In reality, the concentration of virus DNA would vary from sample to sample. Hence, we also simulated with the virus DNA concentrations ranging from 0.1 nM to 5.0 nM shown in Figure 3, where the y-axis is the percentage of completion defined by a ratio of the concentration of product to the original concentration of reactant. Here, we considered that trans activity is completed when the percentage of completion reaches 80%. As our expectation, reducing the virus concentration will lengthen the required time of completion. For instance, it requires 71 minutes for 0.1 nM of virus DNA concentration to complete the reaction.

Figure 3. Comparison of trans activity rate under different virus DNA concentration.

We extracted the required time of completion with various concentrations of virus DNA shown in Figure 4 and fitted the results using a power function that allow us to predict the required time within our simulation range. Based on the reaction time and the 0.1 nM detection limit of CRISPR-Cas12a protein,^[3] we set the limitation of virus DNA concentration that can be detected by ASFAST at 0.3 nM.

Figure 4. The relationship between the required time of reaction and the concentration of virus DNA.

Worst-case scenario

To the best of our knowledge, there is no dissociation rate of trans activity reported in the literature, thus we only simulated the forward reaction of trans activity. Omitting the reverse reaction would significantly underestimate the required reaction time of ASFAST. To address this problem, we evaluation the worst-case scenario by reducing k_trans 50% (5×10⁵ Ms^-1). Figure 5 shows that the required time increases from 27 to 49 minutes under a virus DNA concentration of 0.3 nM. However, more researches has to be done on the dissociation rate of trans activity to determine the exact rate of its reverse reaction.
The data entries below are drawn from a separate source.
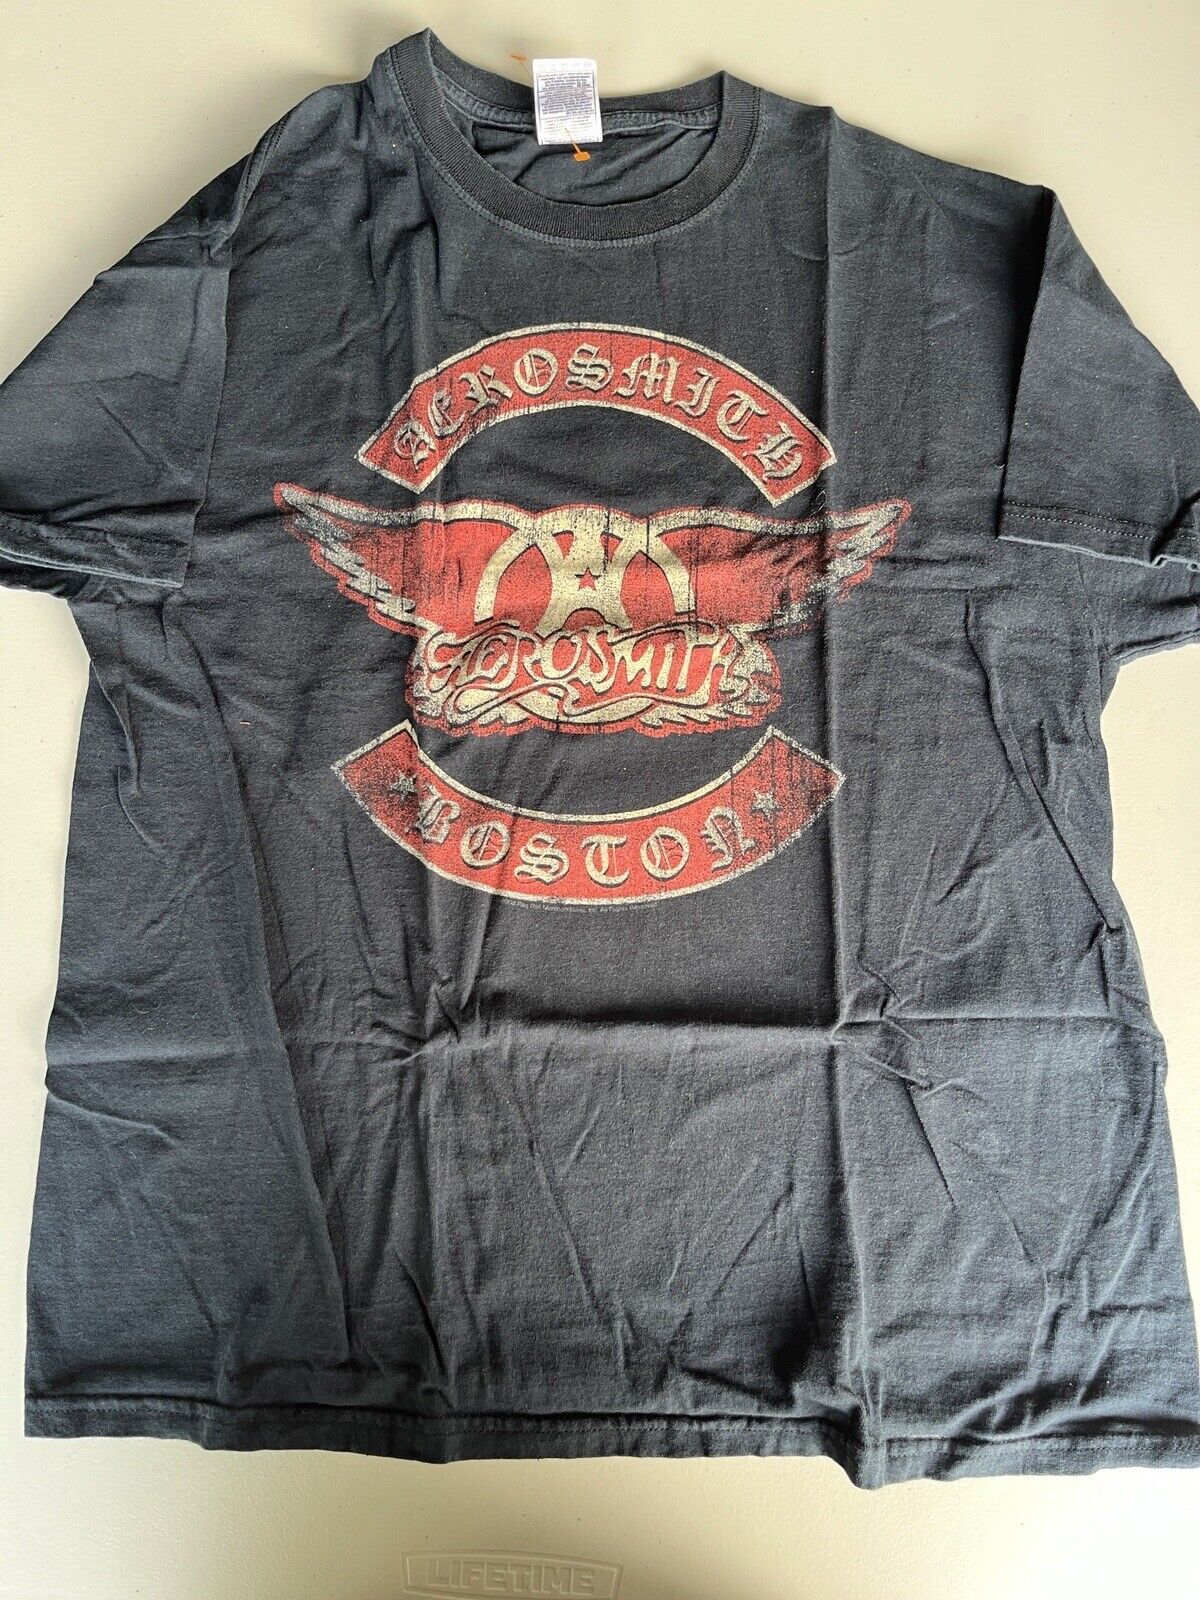 2008 Aerosmith Boston Vintage Shirt Size Large T-Shirt Short Sleeve
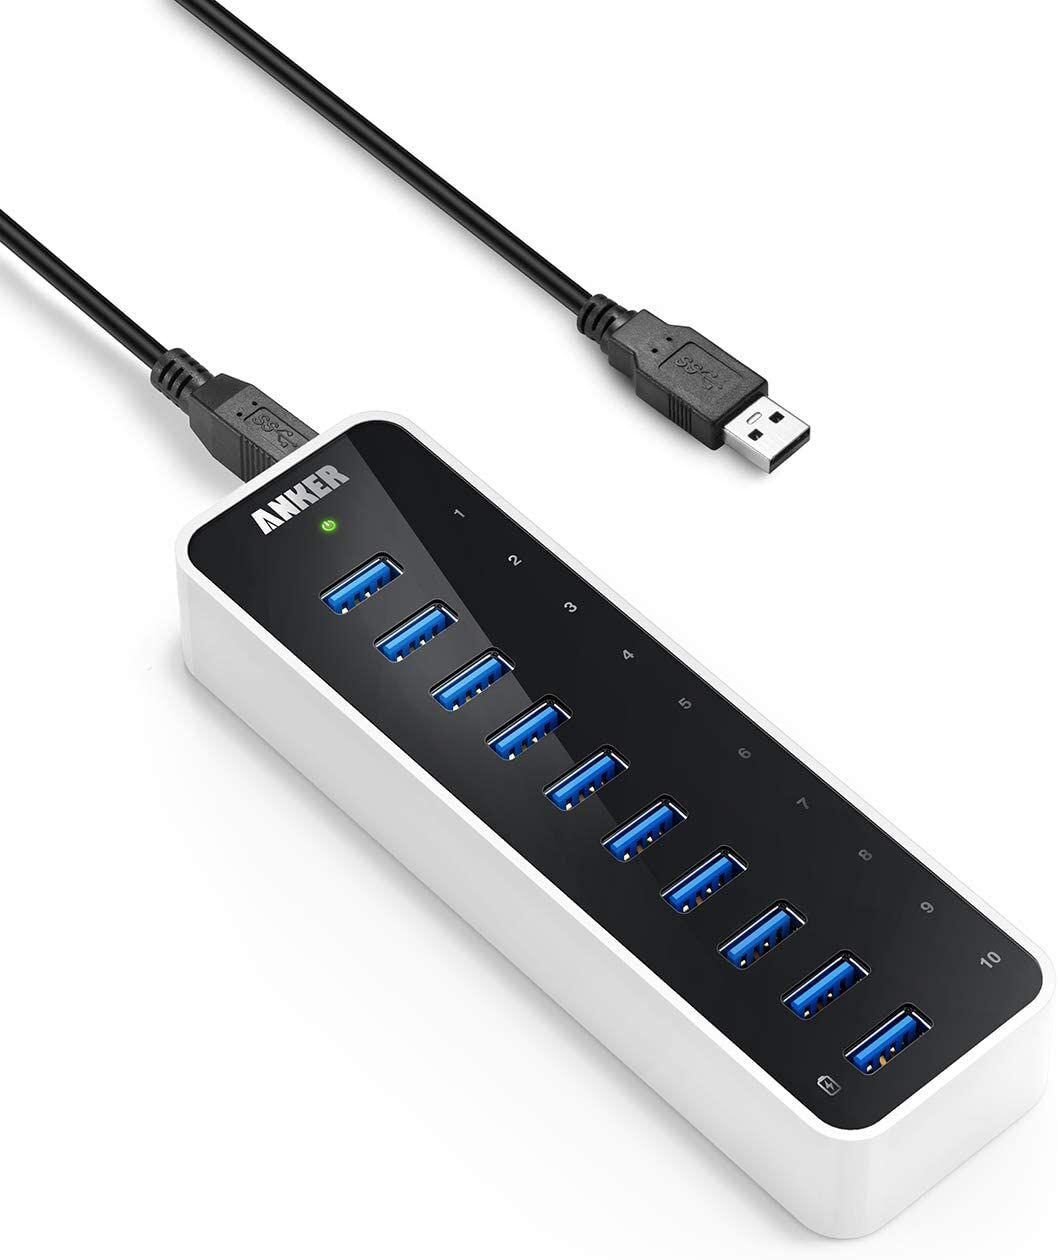 Anker USB 3.0 Super Speed 10-Port USB Hub
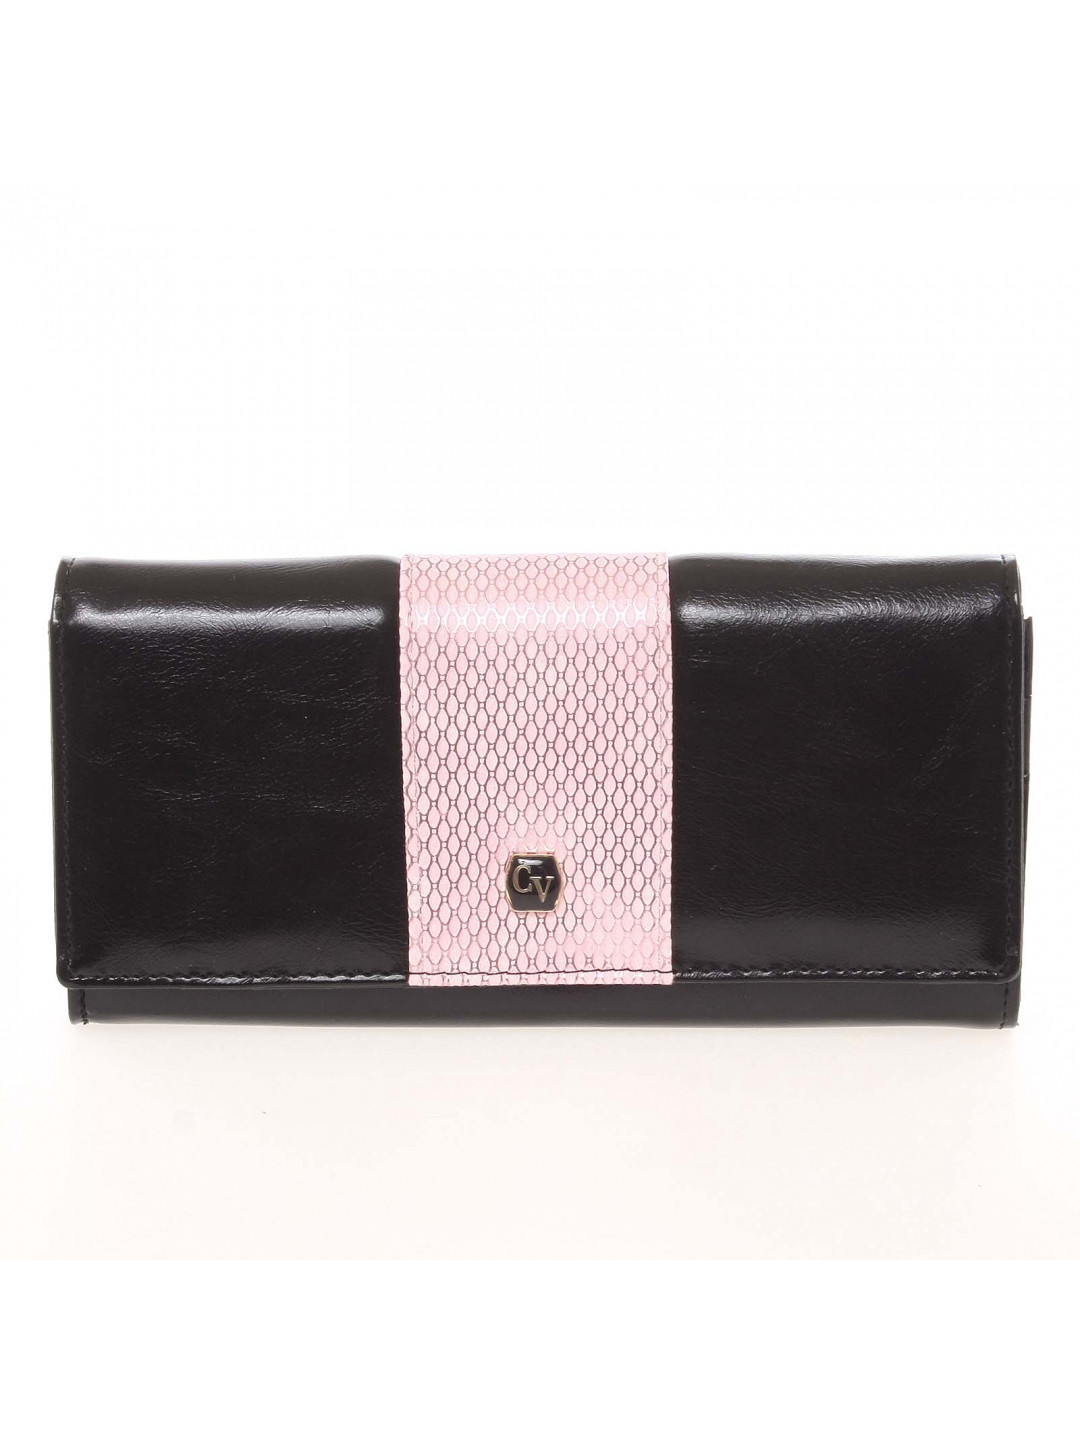 Originální dámská peněženka Cavaldi 4T růžová

Figure 5. Worst-case scenario simulated under 0.3 nM of virus DNA concentration.

Detailed data

References

Strohkendl, I., Saifuddin, F. A., Rybarski, J. R., Finkelstein, I. J., & Russell, R. (2018). Kinetic basis for DNA target specificity of CRISPR-Cas12a. Molecular cell, 71(5), 816-824.
Chen, J. S., Ma, E., Harrington, L. B., Da Costa, M., Tian, X., Palefsky, J. M., & Doudna, J. A. (2018). CRISPR-Cas12a target binding unleashes indiscriminate single-stranded DNase activity. Science, 360(6387), 436-439.
Li, S. Y., Cheng, Q., Wang, J. M., Li, X. Y., Zhang, Z. L., Gao, S., ... & Wang, J. (2018). CRISPR-Cas12a-assisted nucleic acid detection. Cell Discov. 4, 20.